▸ **How to complete this task**:
Every line of the listing is returned unchanged, and every picture is dropped.

▸ **The data**:
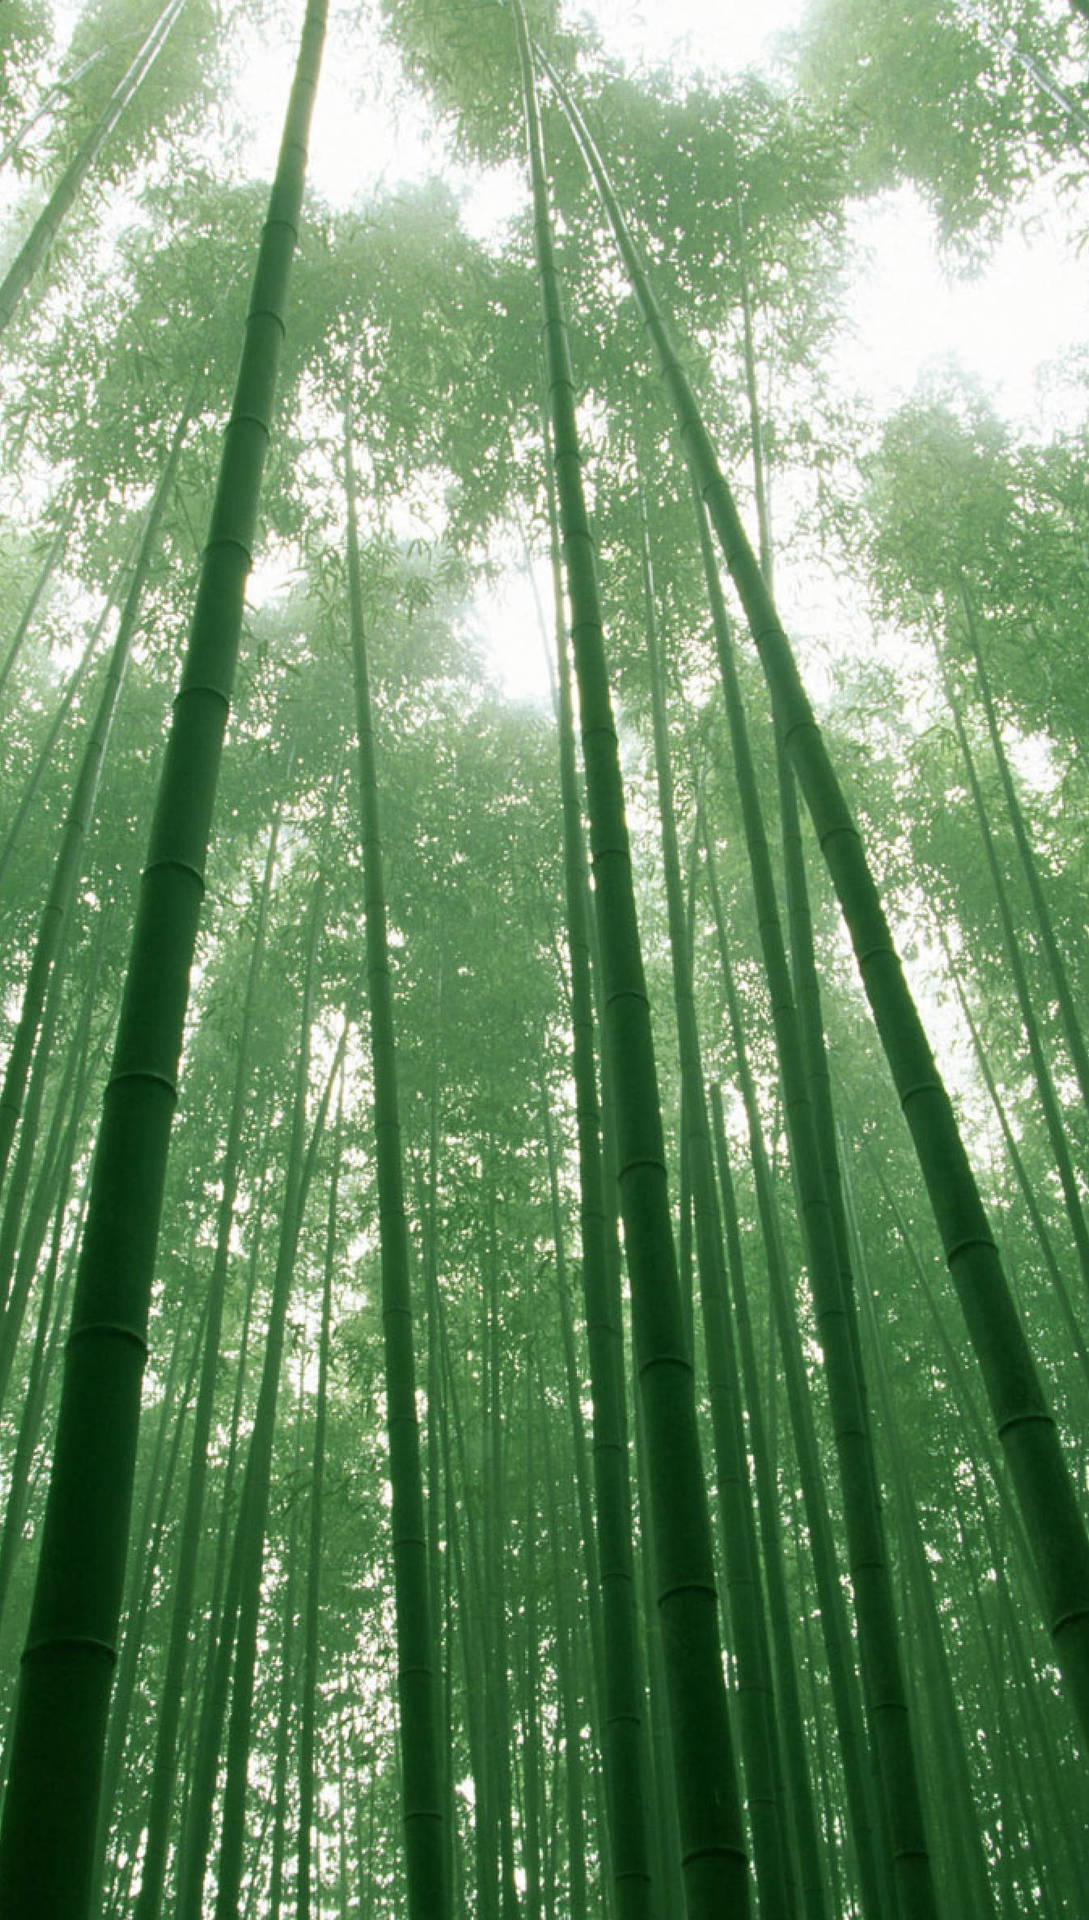 Altobosco Di Bambù Per Iphone. Sfondo
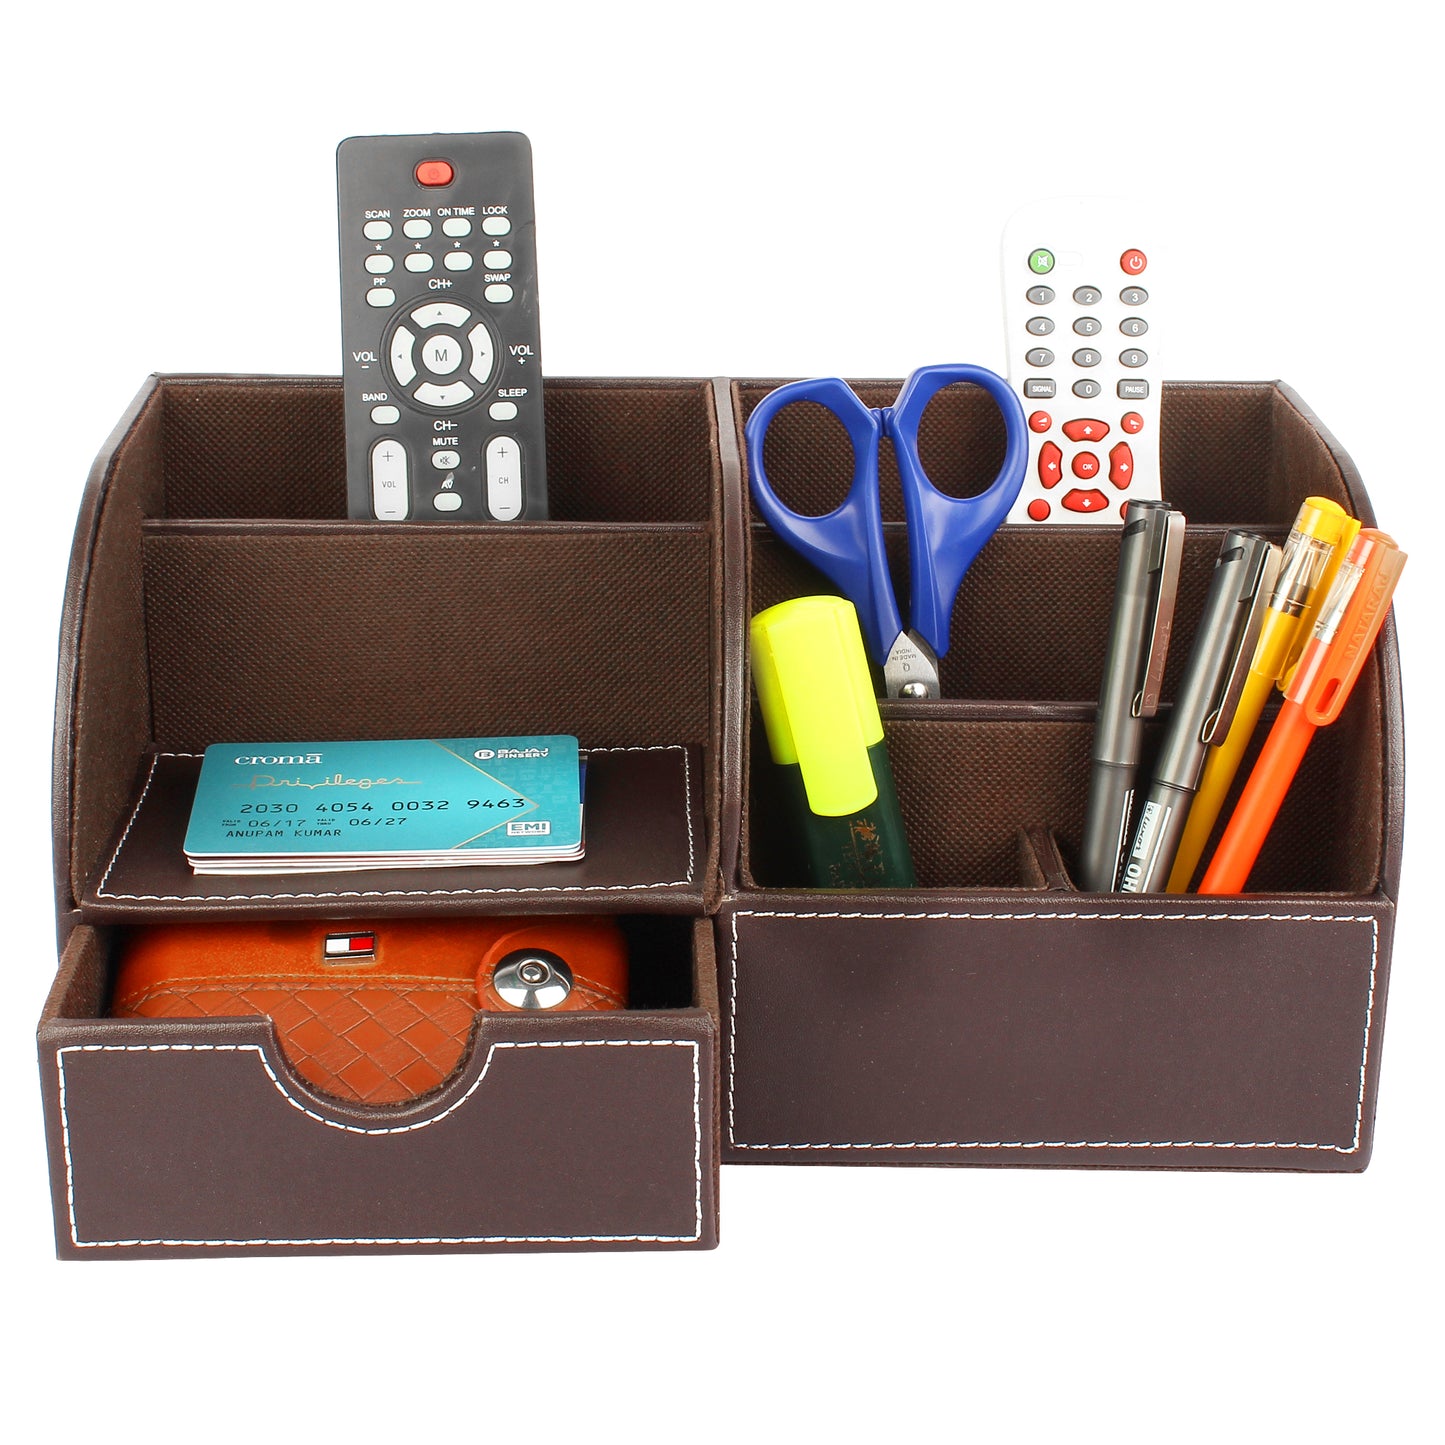 Desk Organizer with 6 compartments
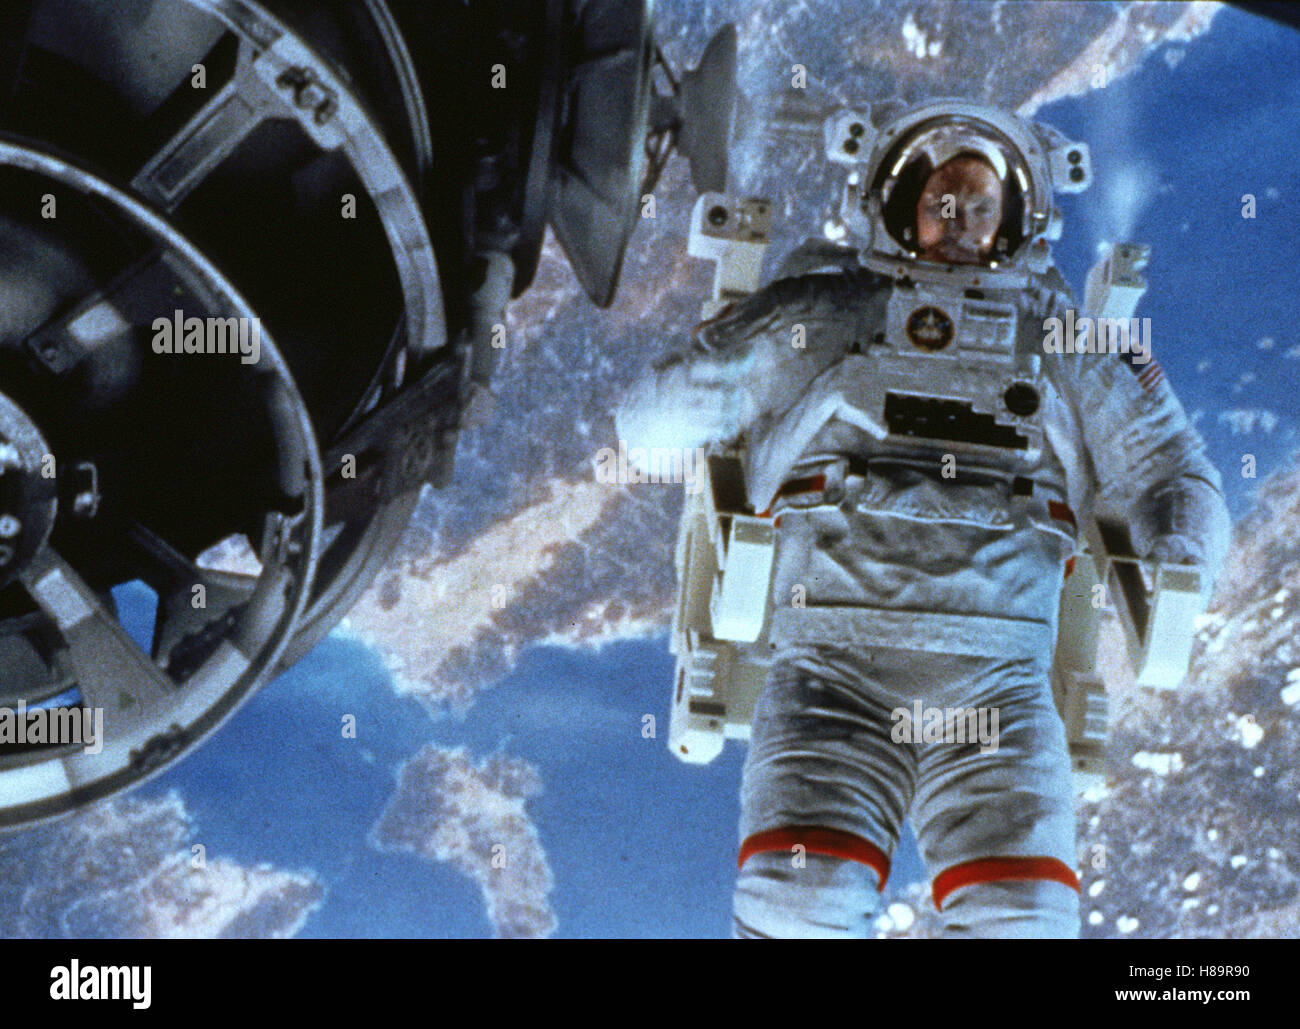 Space Cowboy, (Space Cowboy) USA 2000, Regie: Clint Eastwood, Stichwort: astronauta, Raumanzug, Timone, Weltraum, Erde, Raumkapsel Foto Stock

▸ **Response to the exercise**:
 Altobosco Di Bambù Per Iphone. Sfondo
 Desk Organizer with 6 compartments
 Space Cowboy, (Space Cowboy) USA 2000, Regie: Clint Eastwood, Stichwort: astronauta, Raumanzug, Timone, Weltraum, Erde, Raumkapsel Foto Stock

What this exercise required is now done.